American Sign Language and Signed English are both used when communicating with the hearing impaired and the basic signs for words are the same. However, there is a difference between the two. With Signed English (SE), a sign is executed for every word in a sentence whereas American Sign Language is used to convey a concept. Signed English is more likely to be used by those who do not consider themselves to be part of the Deaf Culture but who are deaf. Signed English was developed in 1972 as a way for instructors to teach English to children who were deaf. Signed English is also the most common form of sign language used in an Educational Setting because it helps children to learn English; however, it is also the form of sign language that takes the longest to interpret because every single word is signed, rather than the general concept, as in American Sign Language. ASL is a visual language, and speech, reading or listening skills are not needed to learn ASL fluently.

Because of its visual nature, ASL is very graphic, and understanding of concepts can be promoted more easily. It has developed over time through usage by deaf individuals and is a free-flowing, natural language. ASL is a language complete in itself. It is not usually written or spoken, but can be translated, just like French or German, to English and vice versa. ASL has it’s own syntax and grammar. It does count as a language credit at University level, because it is a separate language.

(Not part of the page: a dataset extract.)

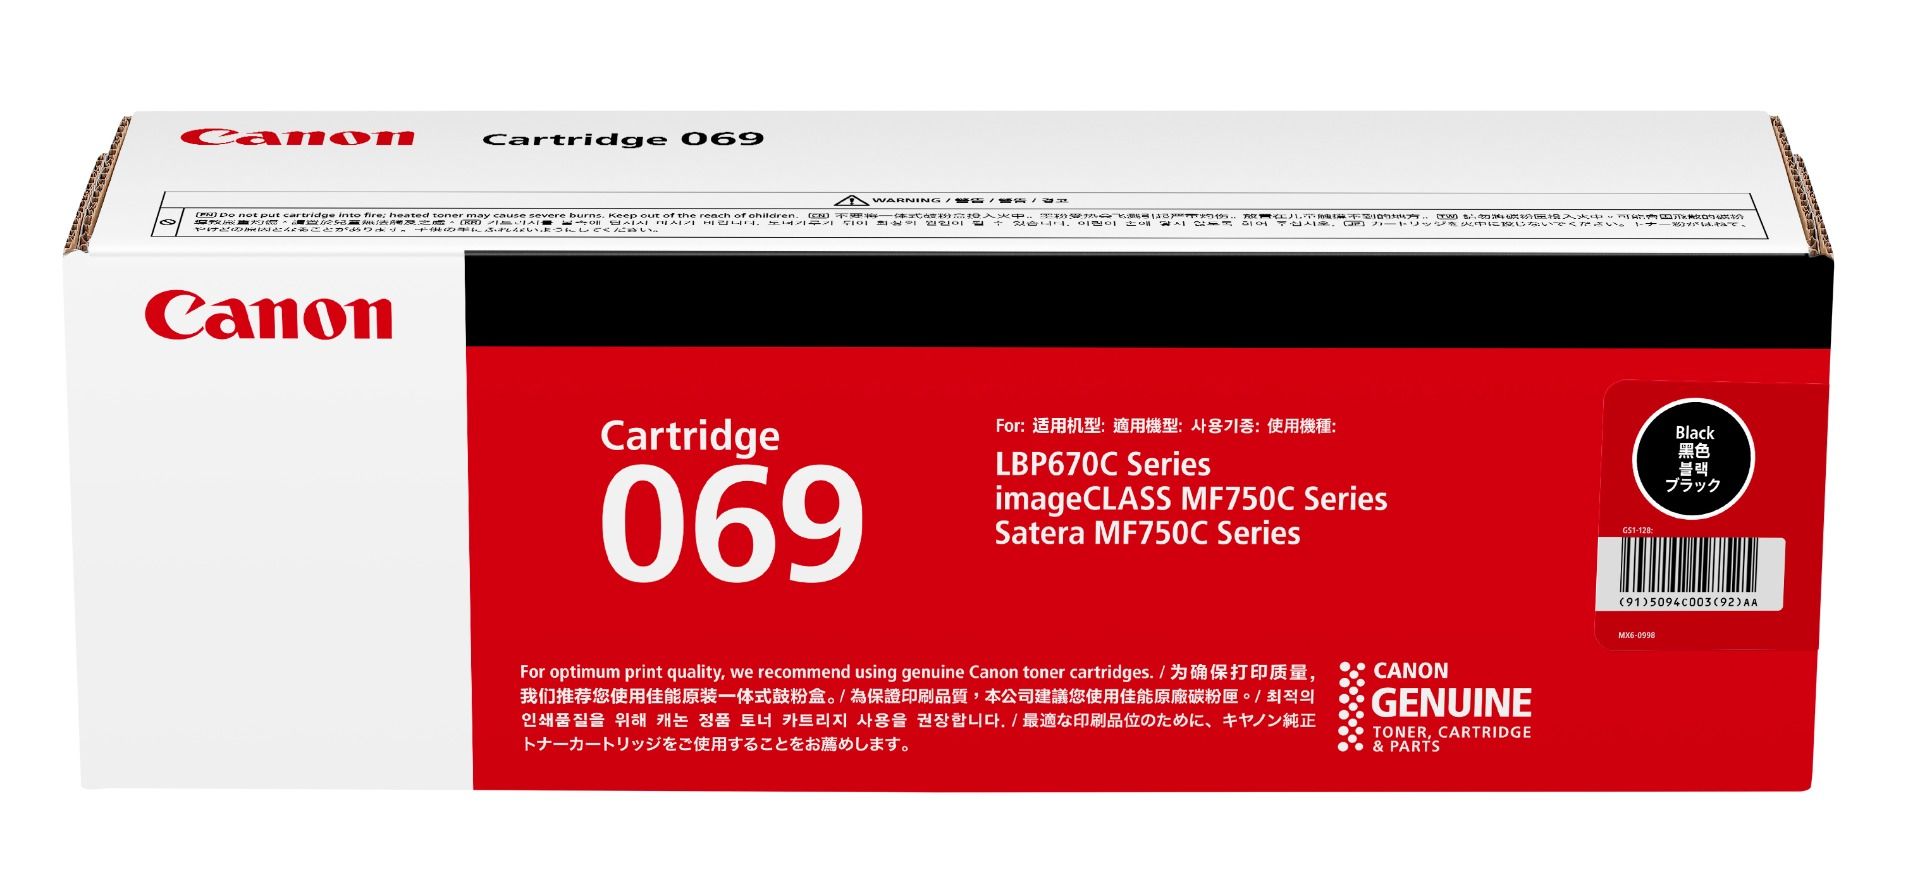 佳能 CANON Cartridge 黑色碳粉盒 約2,100頁 (ISO/IEC19798)/個 069 BK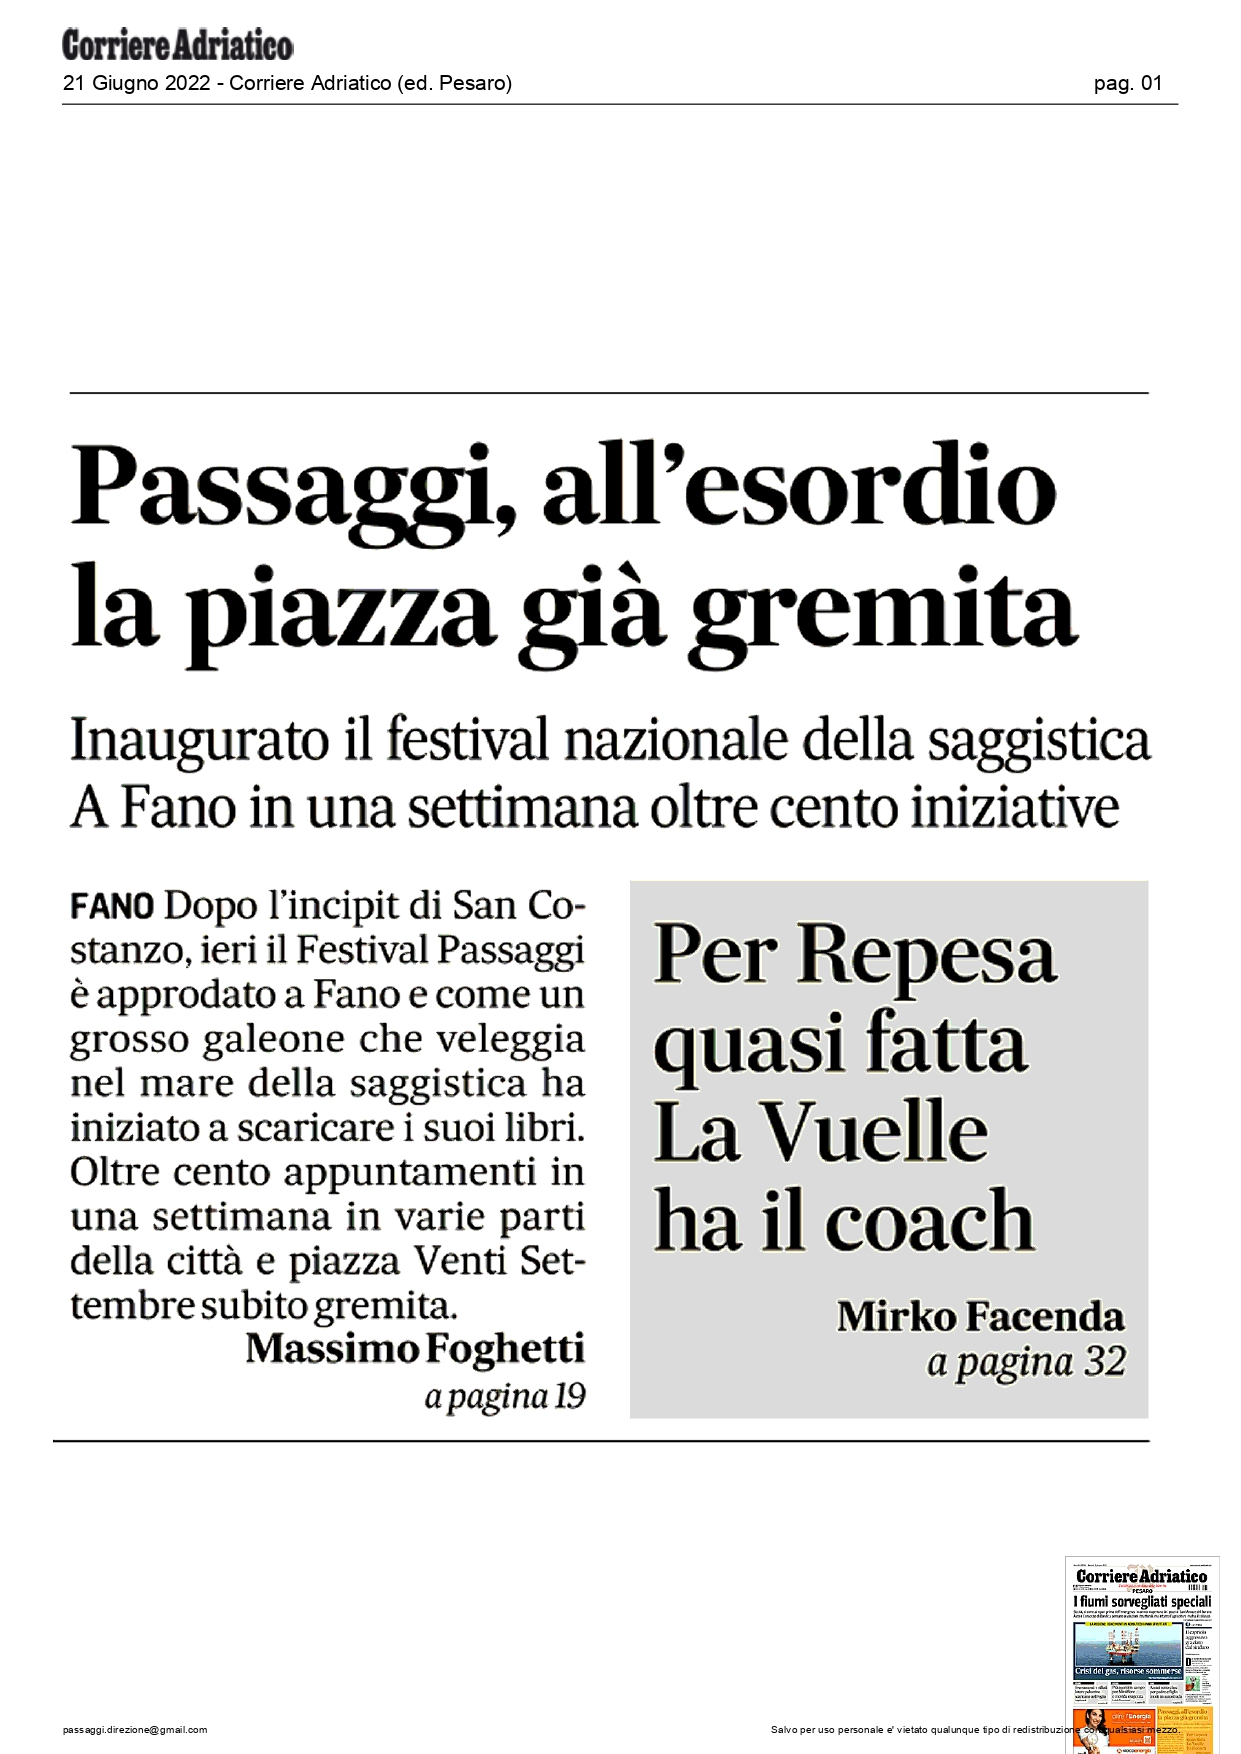 Corriere-Adriatico-ed.-Pesaro-Passaggi-all-esordio-la-piazza-gia-gremita

Accommodations would be necessary for students using American Sign Language and Signed English. Changes that can be made to the way students with disabilities are instructed and assessed. Accommodations can be made to instructional methods and materials, assignments and assessments, learning environment, time demands and schedules, and special communication systems. Special accommodations allowed for the Florida Comprehensive Assessment Test include response, presentation, setting, schedule, and assistive technology. Reasonable accommodations are individualized and flexible, based on the nature of the disability and the academic environment. Classroom accommodations include, sign language and oral interpreting, real-time captioning (C-Print), peer note-taking, closed captioning, assistive listening devices (ALD), preferred seating, lighting and background noise reduction. Signed English is used to introduce students to sentence structure, whereas ASL is used in settings where the thought or message is the focus. Accommodations such as power points, visuals and an interpreter may be necessary. It is also important to write out what you are speaking.

 Specific language impairment becomes apparent at first in the preschool years, prior to formal schooling. Children with Specific Language impairment (SLI) have difficulties with overall language. Most children with SLI have normal hearing, but puts children at clear risk for academic difficulties, especially reading disabilities. Specific language impairment is a developmental language disorder that can affect both expressive and receptive language. Specific language impairment is defined as a “pure” language impairment, meaning that is not related to or caused by other developmental disorders, hearing loss or acquired brain injury. Accommodations might be necessary for children with specific language impairment. They may be eligible for “Birth to Three” which is free to parents. Activities to facilitate language development, parent intervention and early identification are vital. Intervention that enables children to communicate their needs and frustrations can help avoid behavior problems such as temper tantrums.